RELATED CASES AND POSTS
 As this review of the Court’s statements on comity shows, the need to acknowledge and show respect for the legal acts of other states has consistently remained one of the principle’s core components. Comity, in this regard, militates in favour of recognition and enforcement. Legitimate judicial acts should be respected and enforced, not sidetracked or ignored. The concepts of order and fairness in which comity is grounded are not affronted by rejecting Chevron’s proposed extension of the real and substantial connection test. This is so for several reasons.

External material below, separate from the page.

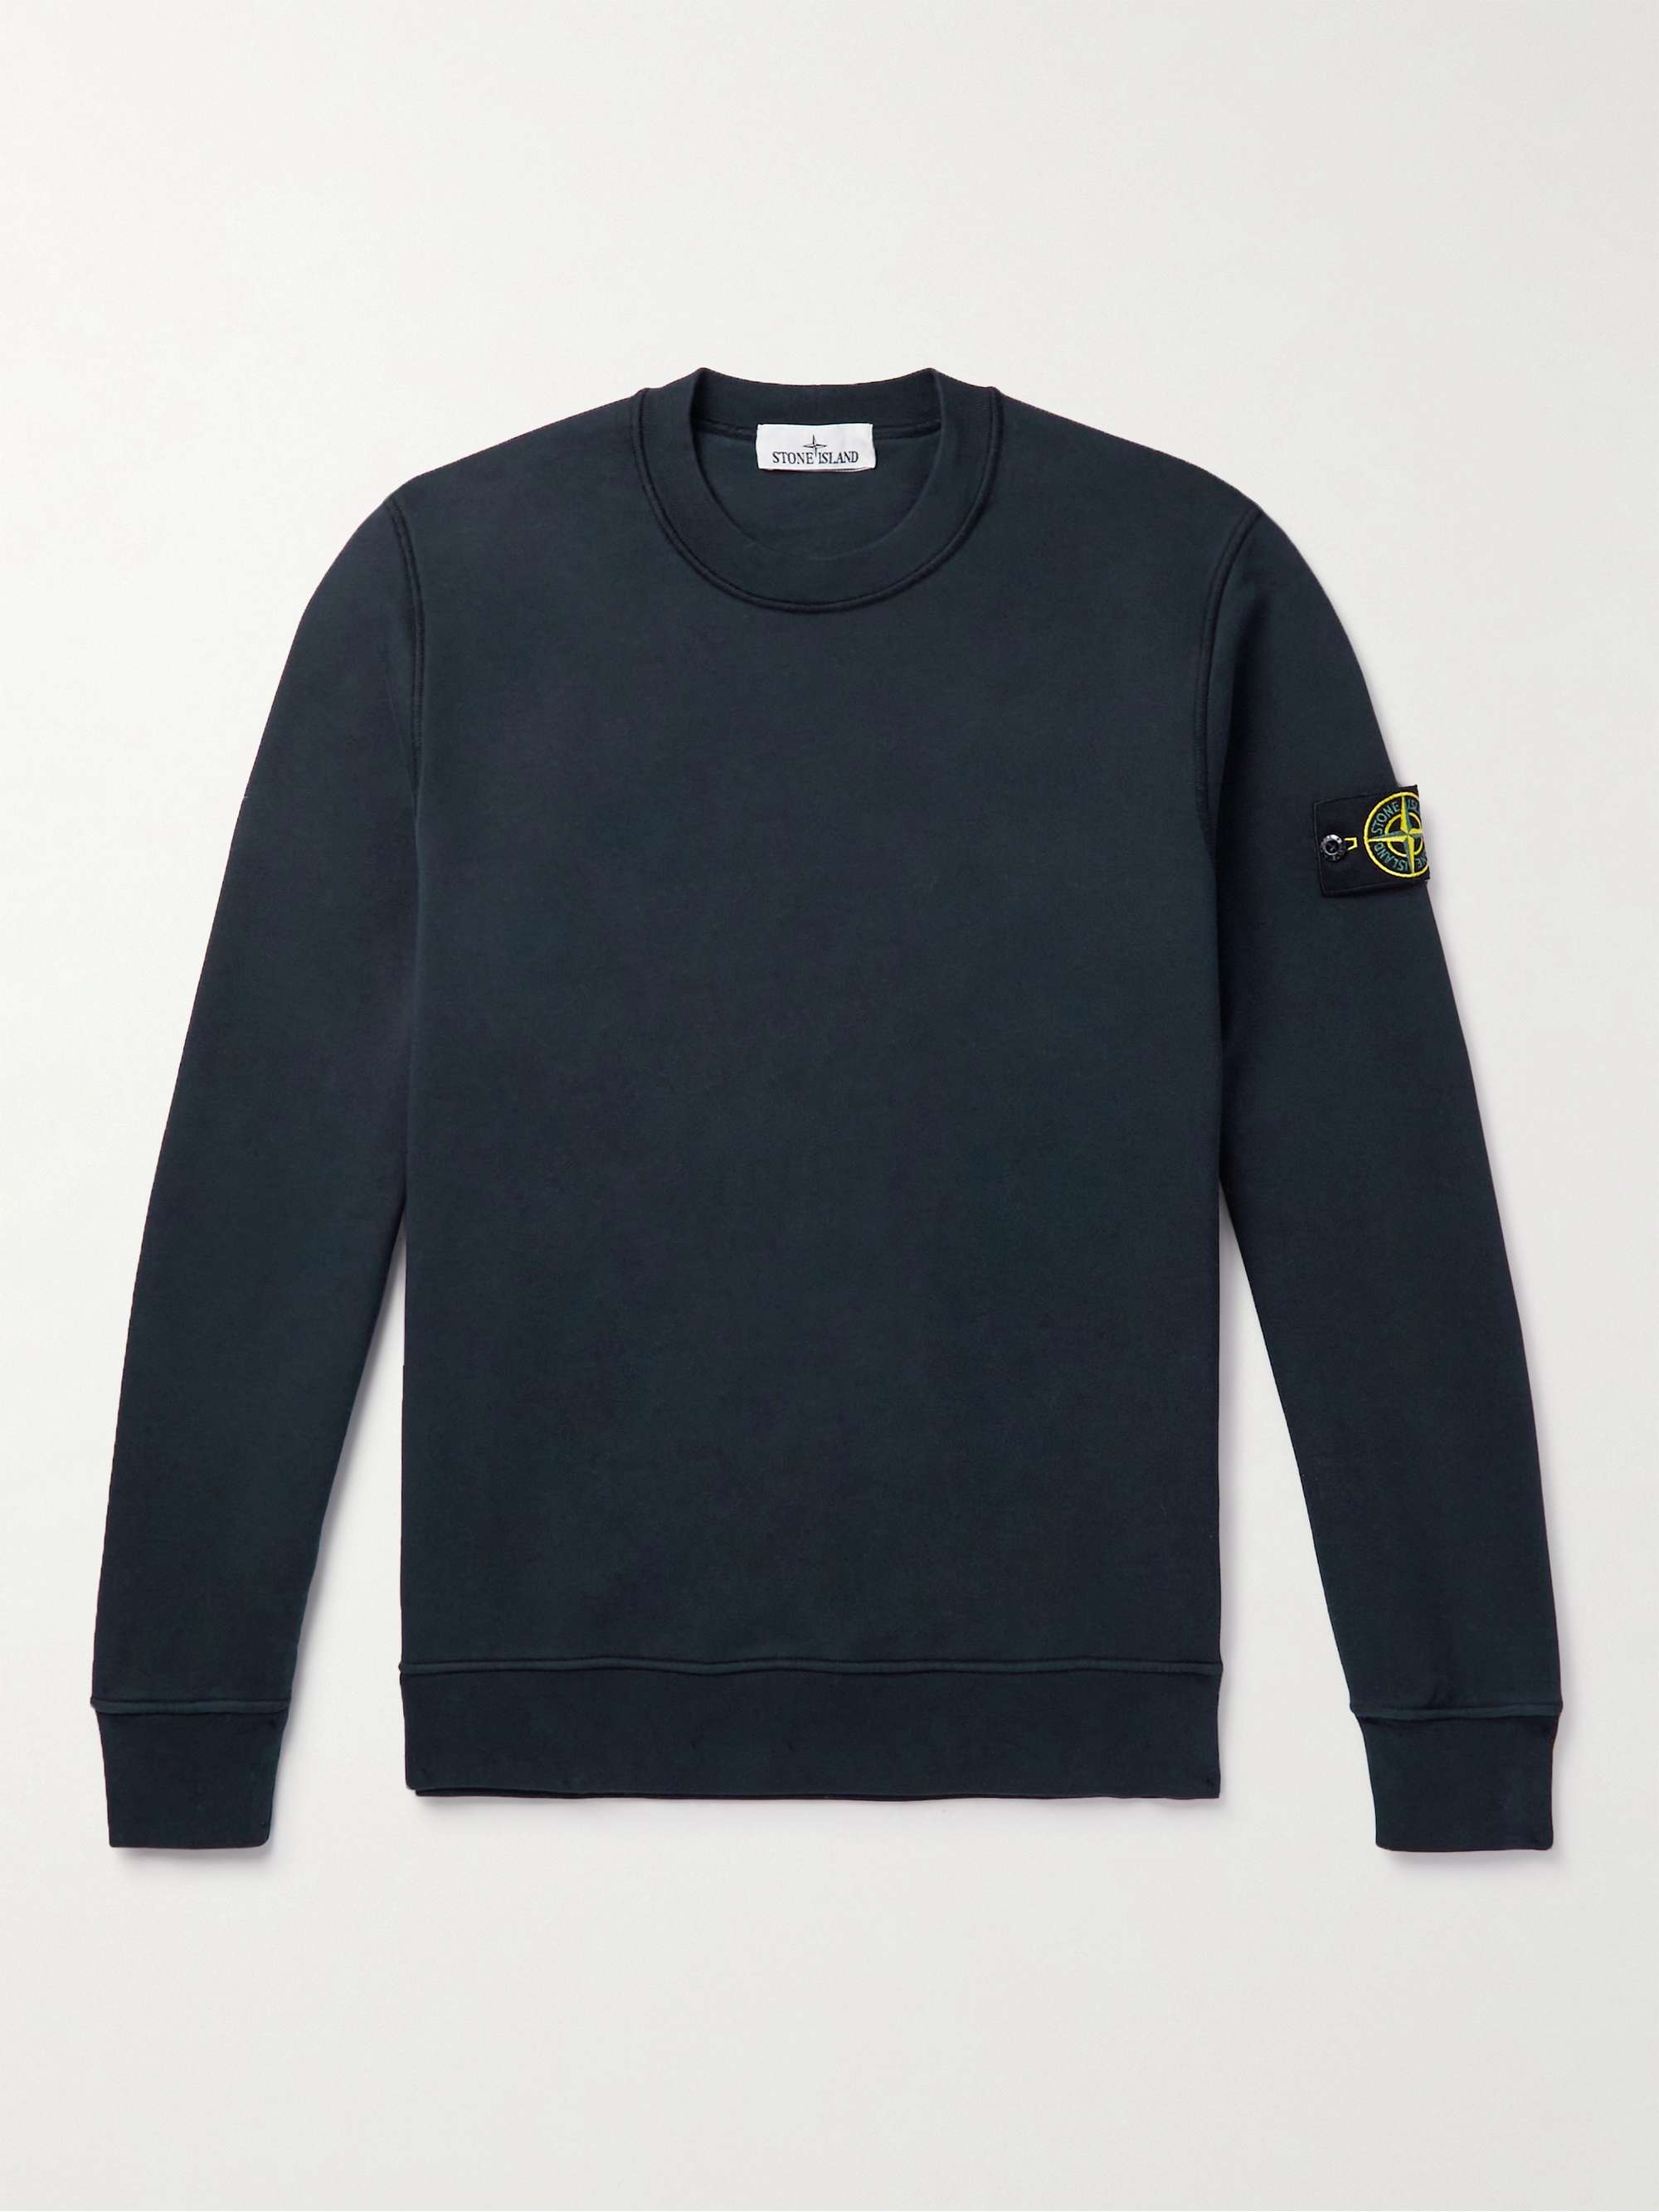 STONE ISLAND Logo-Appliqued Garment-Dyed Cotton-Jersey Sweatshirt,Navy

 First, in recognition and enforcement proceedings, order and fairness are protected by ensuring that a real and substantial connection existed between the foreign court and the underlying dispute. If such a connection did not exist, or if the defendant was not present in or did not attorn to the foreign jurisdiction, the resulting judgment will not be recognized and enforced in Canada. The judgment debtor is free to make this argument in the recognition and enforcement proceedings, and indeed will have already had the opportunity to contest the jurisdiction of the foreign court in the foreign proceedings. Here, for instance, it is accepted that Chevron attorned to the jurisdiction of the Ecuadorian courts. As Walker writes, “[t]he jurisdictional requirements of order and fairness considered in the context of direct jurisdiction operate to promote the international acceptance of the adjudication of a matter by a Canadian court”: p. 14-1 (emphasis in original). There is no similar requirement of international acceptance in the context of the recognition and enforcement of a foreign judgment.
 Second, no unfairness results to judgment debtors from having to defend against recognition and enforcement proceedings. In essence, through their own behaviour and legal noncompliance, the debtors have made themselves the subject of outstanding obligations. It is for this reason that they may be called upon to answer for their debts in various jurisdictions. Of course, the principles of order and fairness are also protected by providing a foreign judgment debtor with the opportunity to convince the enforcing court that there is another reason why recognition and enforcement should not be granted: see Beals, at paras. 39 et seq.
 Facilitating comity and reciprocity, two of the backbones of private international law, calls for assistance, not barriers. Neither this Court’s jurisprudence nor the principles underlying recognition and enforcement actions requires imposing additional jurisdictional restrictions on the determination of whether a foreign judgment is binding and enforceable in Ontario. The principle of comity does not require that Chevron’s submissions be adopted. On the contrary, an unambiguous statement by this Court that a real and substantial connection is not necessary will have the benefit of providing a “fixed, clear and predictable” rule, which some say is necessary in this area: T. J. Monestier, “A ‘Real and Substantial’ Mess: The Law of Jurisdiction in Canada” (2007), 33 Queen’s L.J. 179, at p. 192. Such a rule will clearly be consistent with the dictates of order and fairness; it will also allow parties “to predict with reasonable confidence whether a court will assume jurisdiction in a case with an international or interprovincial aspect”, as LeBel J. in Van Breda insisted they should be able to do: para. 73. Moreover, a clear rule will help to avert needless and wasteful jurisdictional inquiries that merely thwart the proceedings from their eventual resumption. As some have noted, our courts “should exercise care in interpreting rules and developing legal principles so as not to encourage unnecessary motions”, since “[i]n many cases, the defendant’s challenge to service ex juris is just another dilatory tactic that provincial rules of civil procedure have sought to avoid”: G. D. Watson and F. Au, “Constitutional Limits on Service Ex Juris: Unanswered Questions from Morguard” (2000), 23 Adv. Q. 167, at p. 205. To accept Chevron’s submissions would be to ignore this wise counsel.